Знаю я их походы. Наверняка пацаны шли на кладбище, подпихивали друг друга в спины, а у самих коленки тряслись. Какой-нибудь шутник забежал вперед, забрался за могильный памятник и давай оттуда завывать. Все разбежались, а на следующее утро каждый с гордостью рассказывал, как гулял между могил, встретил парочку призраков, поговорил с ними о жизни и остался доволен общением.
– Какая собака, ты чего! – снова оживился Пашка. – Там было посвящение в готы. Они ходили смотреть.
– Ну да, посвящение! – Я еще пыталась улыбаться, хотя неприятные мурашки уже бегали у меня по спине. – Наверное, проверка на живучесть. Заколачивают претендента в гроб, закапывают, а потом ждут, вылезет он или нет. Кто выбирается, тот признается за гота, а кто нет, тот сам виноват…

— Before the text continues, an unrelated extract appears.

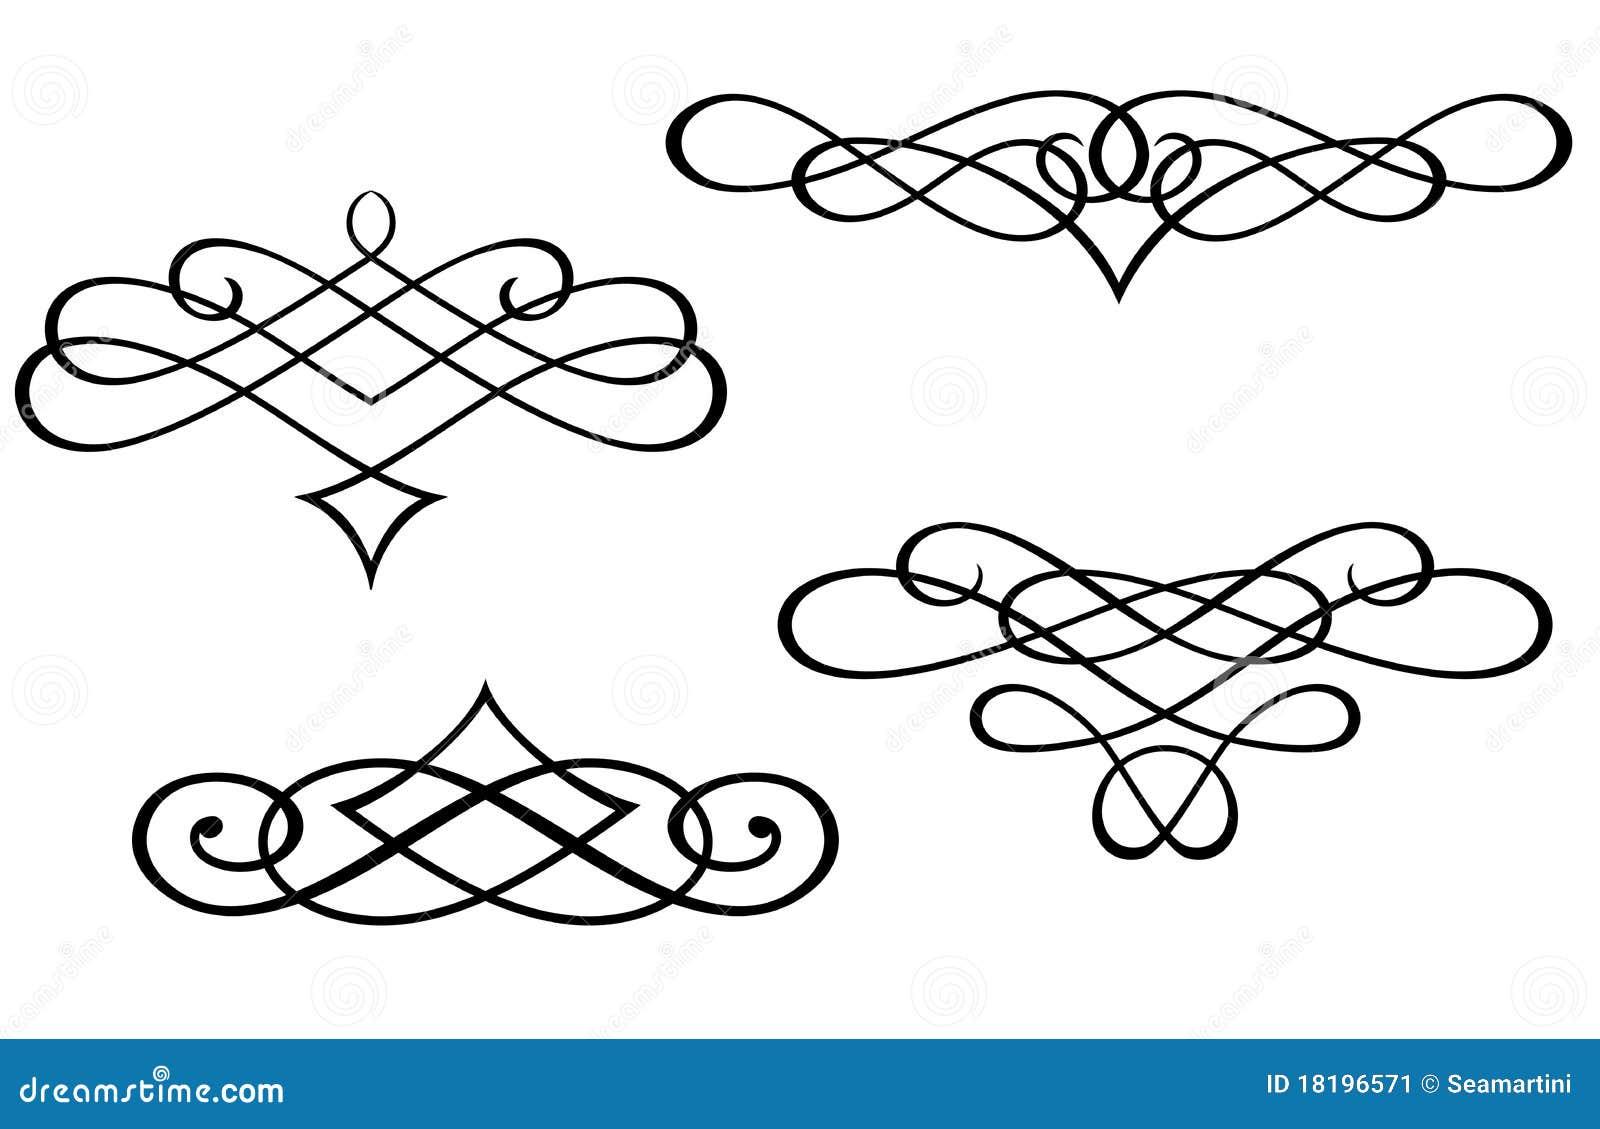 Monograms and swirl elements

– Не, там что-то попроще. – Пашка не понял мою шутку.
Черт, зря заговорила про кладбище. Иголка в пальцах ходила ходуном. Не люблю я такие темы. Пускай мертвые лежат там, где они лежат, и не спешат встретиться с живыми…
Тренировка шла своим чередом, но разговор в раздевалке застрял у меня в голове.
Интересно, на какое кладбище хаживают местные готы? Неужели на Покровское! Знаю я то место. Маленькая Покровская церковь спряталась между высотками, кладбище оказалось окружено со всех сторон детскими площадками. Говорят, раньше церкви ставили на высоких красивых местах. Может, и это место когда-то было красивым, но сейчас оно ничем не примечательно. Над кладбищем витает дух заброшенности. Кроме готов, туда последнее время никто и не наведывается. Ну, еще дети резвятся вдоль ограды. Но их можно не считать.
Хотя что-то в этом есть – детишки, играющие на пороге смерти…
Я медленно брела с тренировки домой. На душе было пасмурно. Фонарь у меня за спиной неожиданно загудел, набирая обороты, как самолет перед взлетом, чем-то хрустнул и погас. Зашуршала, опадая, листва.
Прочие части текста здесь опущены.